- Task goal
Leave out every picture, then transcribe the rest of the listing exactly.

Segment Start: Provided material

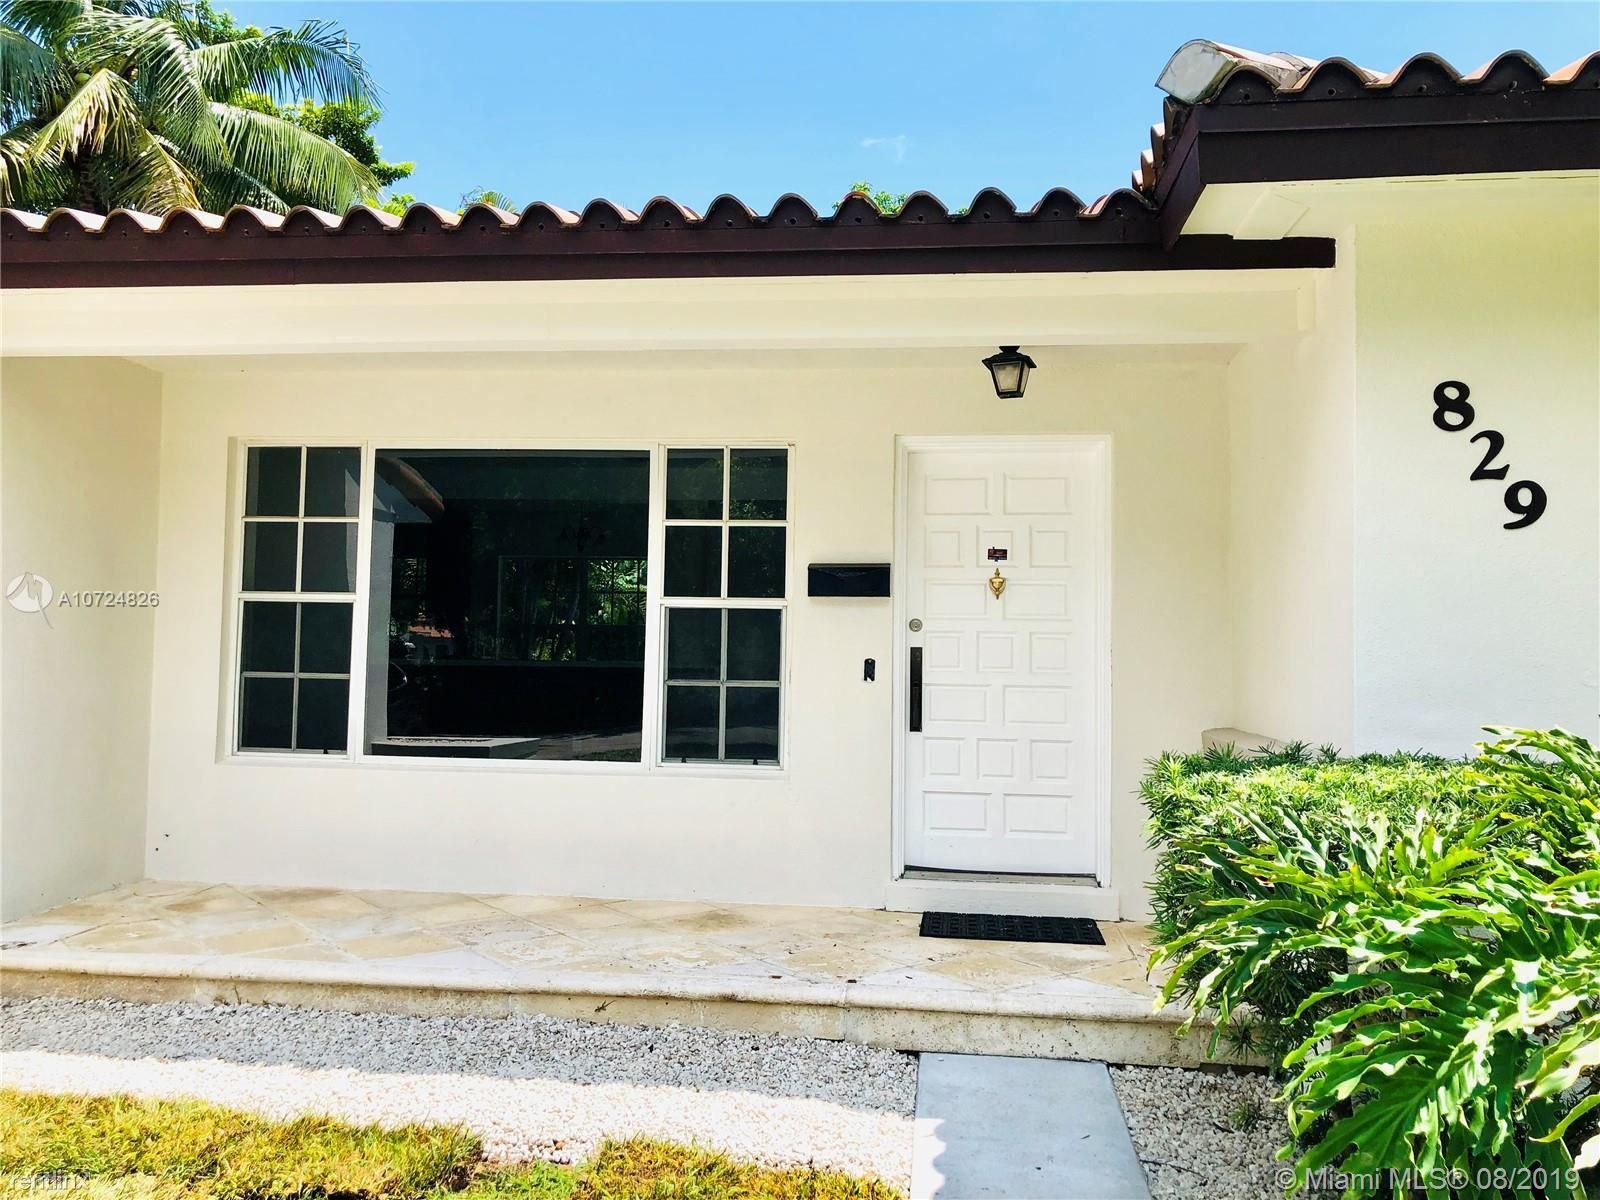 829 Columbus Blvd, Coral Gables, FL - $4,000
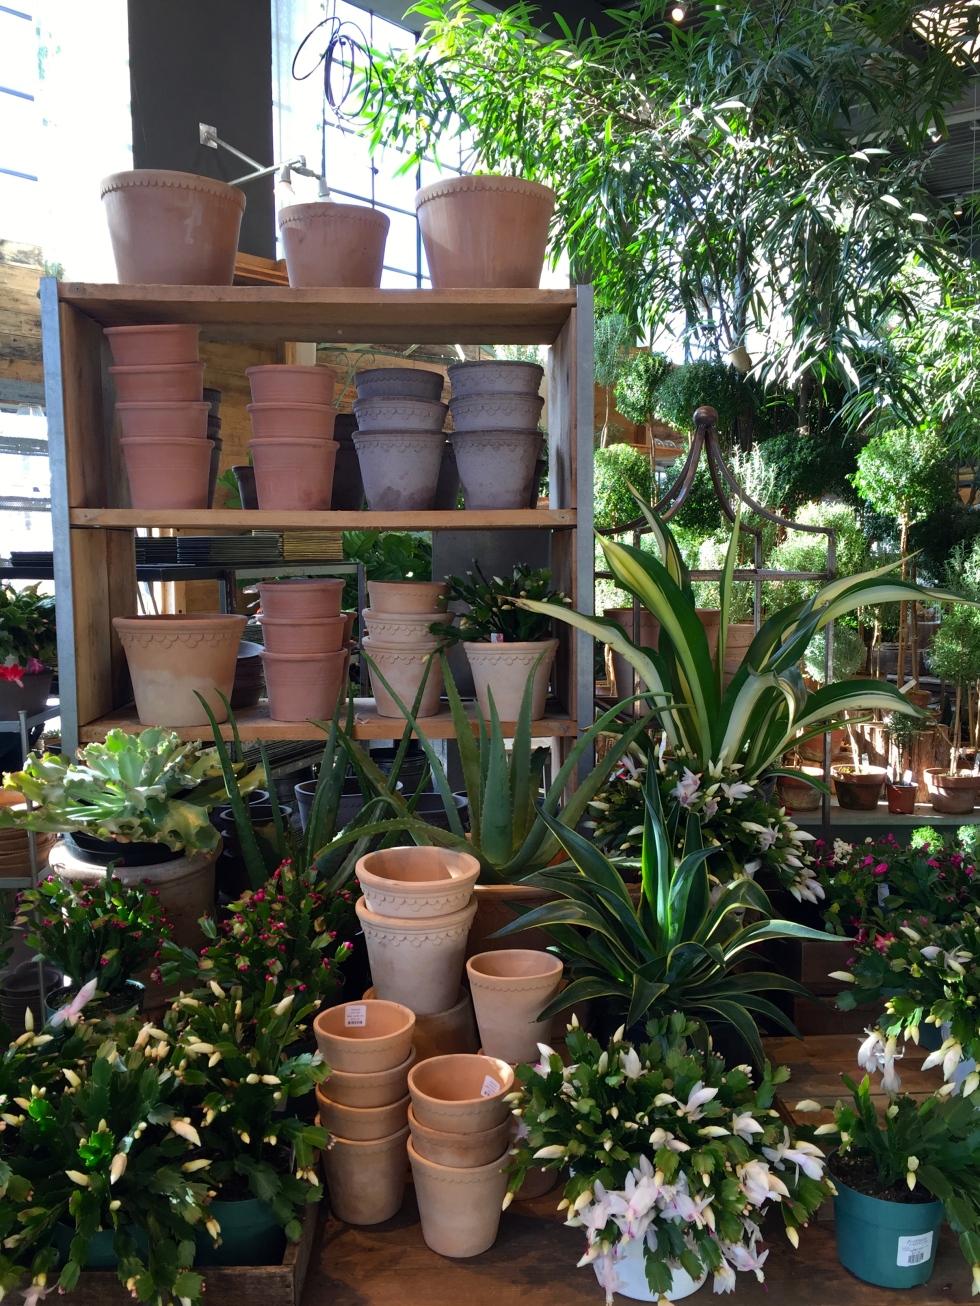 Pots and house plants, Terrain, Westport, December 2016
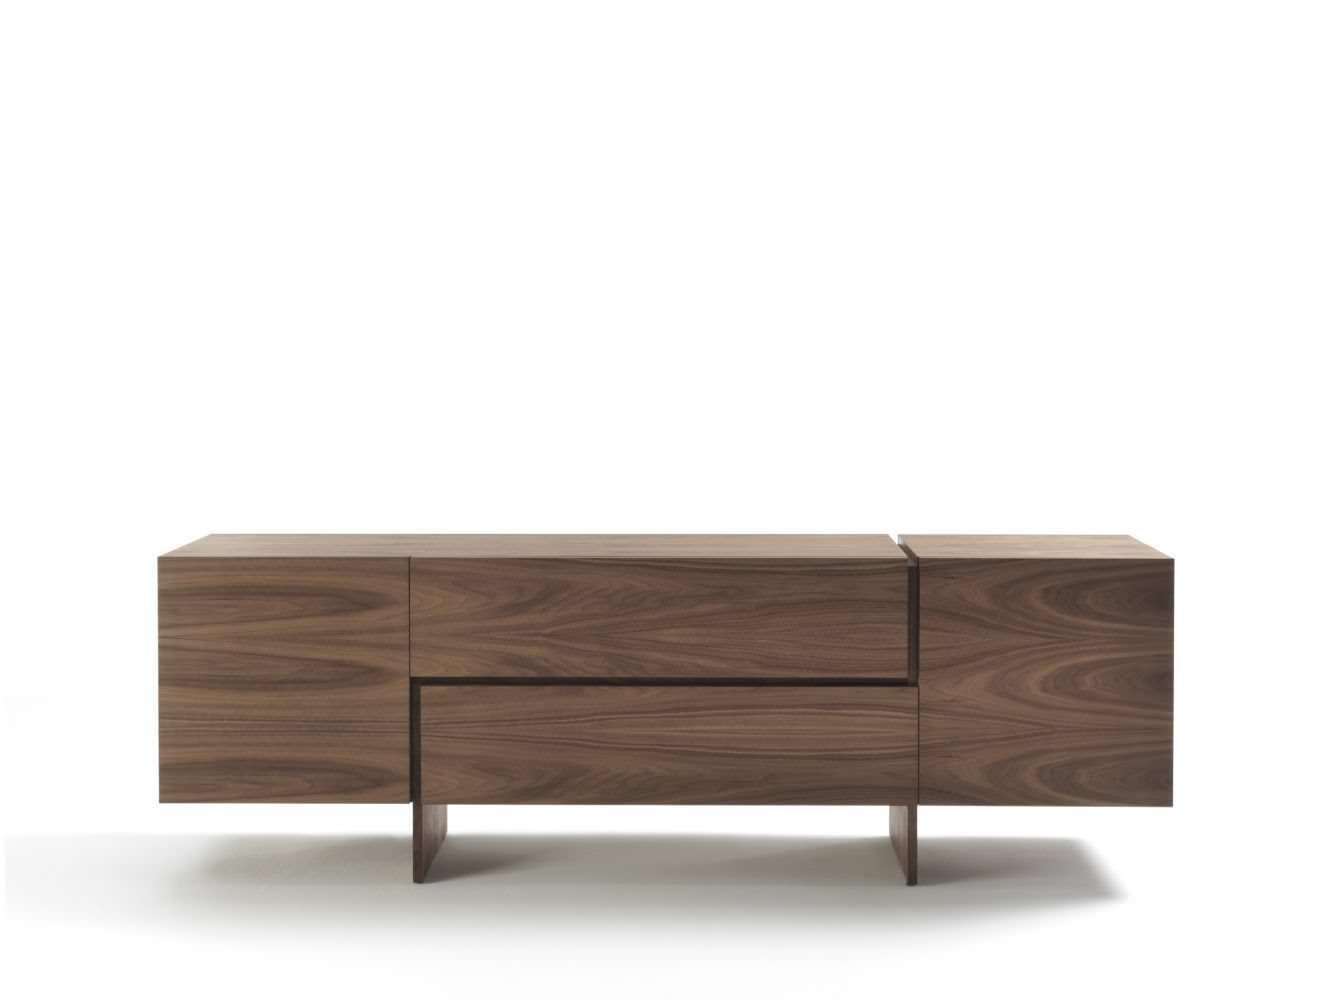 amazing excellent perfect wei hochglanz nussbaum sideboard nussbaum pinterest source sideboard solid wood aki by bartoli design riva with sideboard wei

Segment End: Provided material

- Task output
 829 Columbus Blvd, Coral Gables, FL - $4,000
 Pots and house plants, Terrain, Westport, December 2016
 amazing excellent perfect wei hochglanz nussbaum sideboard nussbaum pinterest source sideboard solid wood aki by bartoli design riva with sideboard wei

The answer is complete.